Diese Menschen würden die Forscher auch in vielen kleinen Städten in Westdeutschland finden. In Wittenberge aber sind es viele. Ein Drittel der Bevölkerung ist nur "sekundär in die Gesellschaft integriert", wie es Soziologe Willisch formuliert. Menschen, die am Arbeitsmarkt und öffentlichen Leben nur über staatliche Maßnahmen teilhaben. Menschen, die mit großer Wahrscheinlichkeit keinen Ausweg aus ihrer Situation finden.
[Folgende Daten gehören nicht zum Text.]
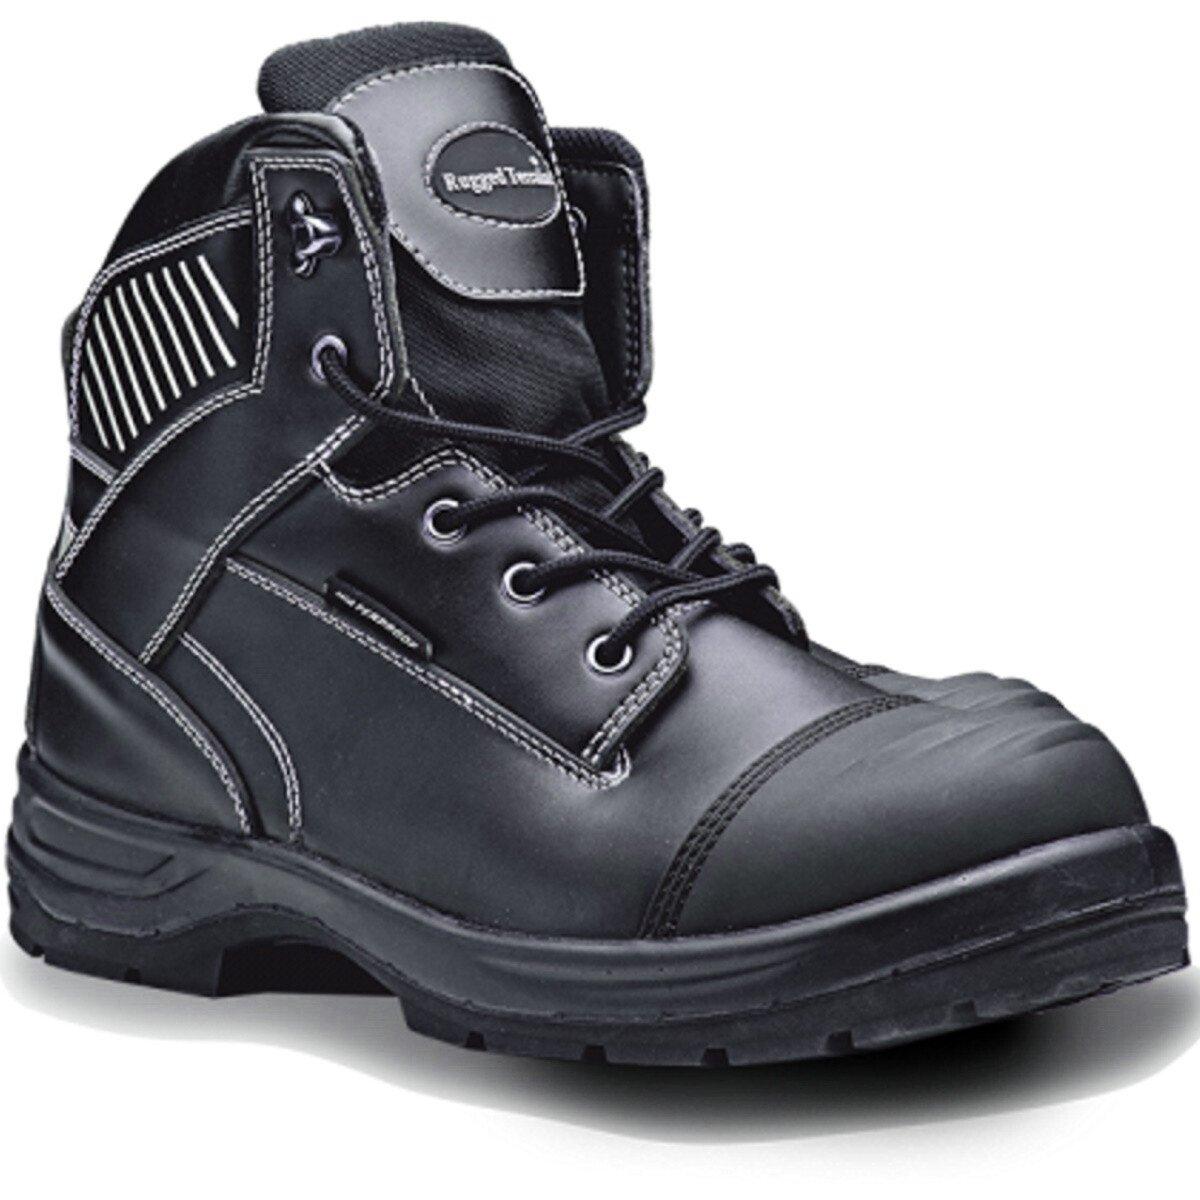 Rugged Terrain RT820B Black Waterproof Derby Leather Boot with Scuff Cap S3 WRU HRO SRC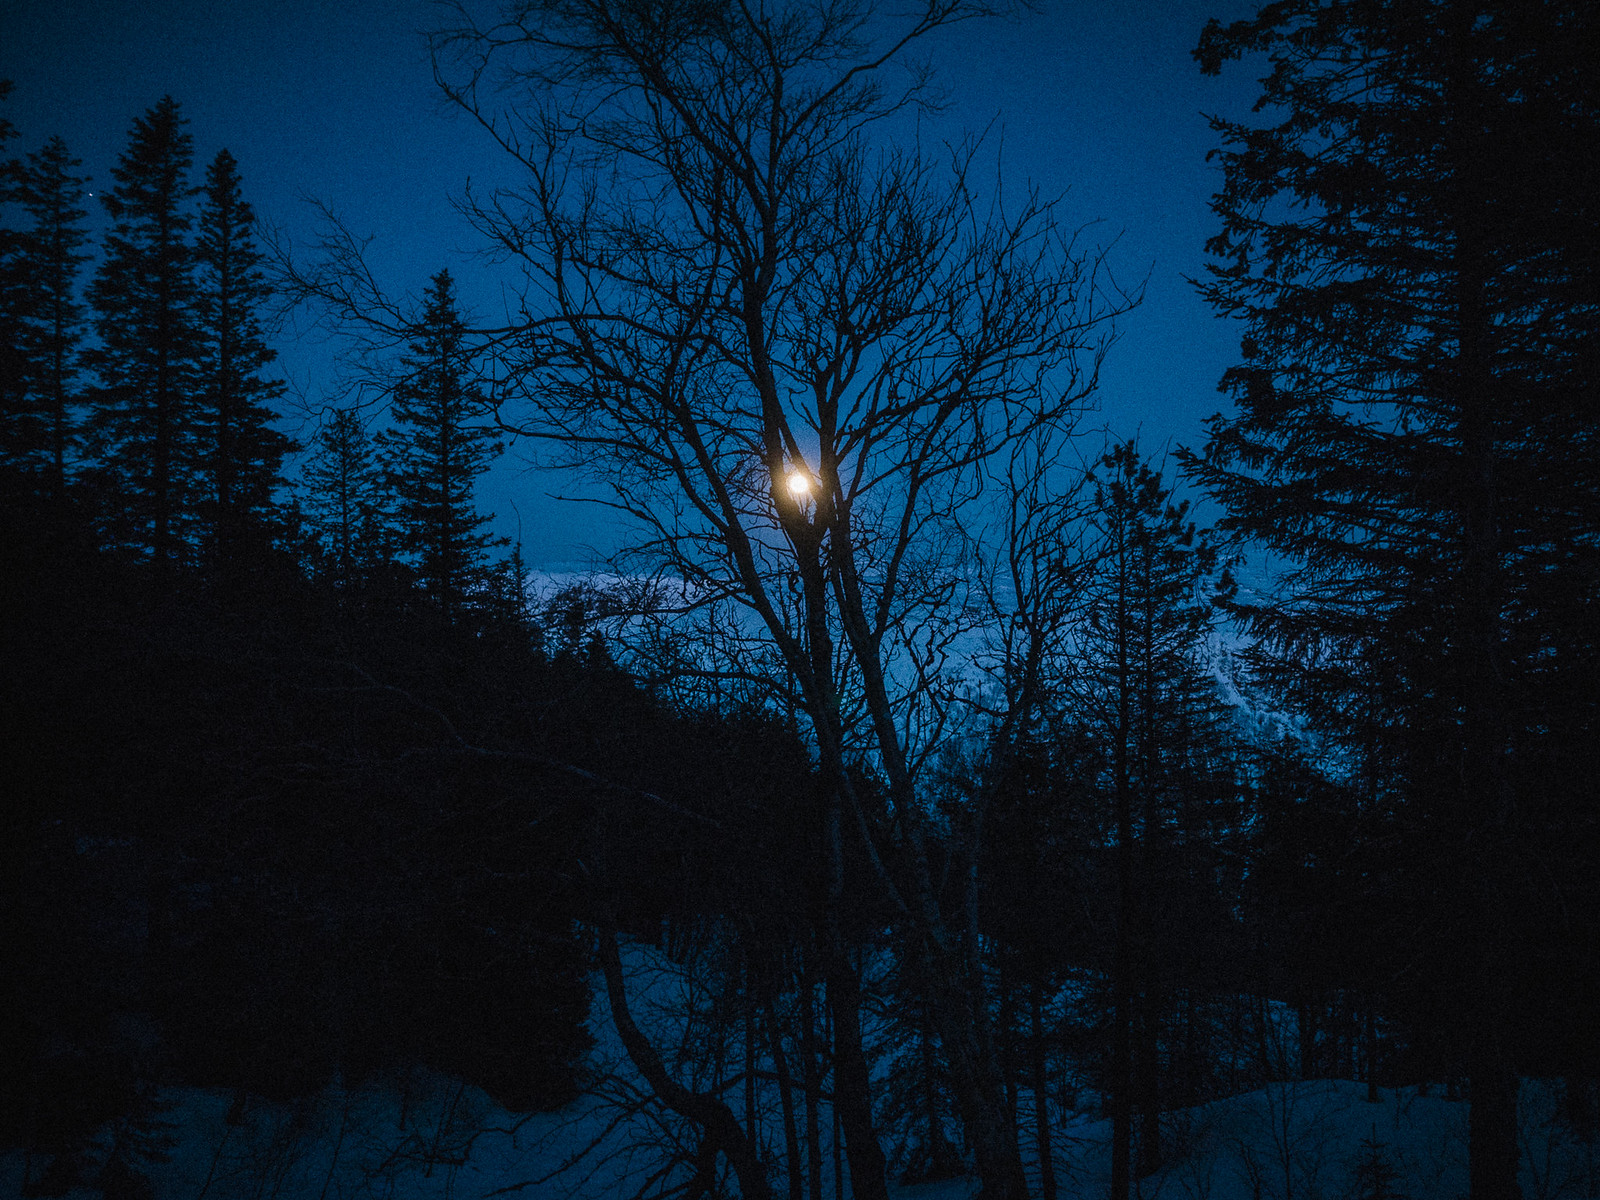 Moon at dusk behind leaveless tree. Winter.

Dass es davon auch in Leipzig zu viele gibt, davon können die Mitarbeiter der Leipziger Erwerbsloseninitiative berichten. Seit der Einführung von Hartz IV haben die Mitarbeiter hier noch mehr zu tun - und neue Problemfälle: die "Aufstocker". Das sind Menschen, die arbeiten und trotzdem auf staatliche Unterstützung angewiesen sind. "Allein in Leipzig haben wir 7000 Menschen, die Vollzeit arbeiten und trotzdem mit ALG II aufstocken müssen", sagt Dorothea Klein.
Die meisten von ihnen werden vom Luxus der Leere nicht profitieren.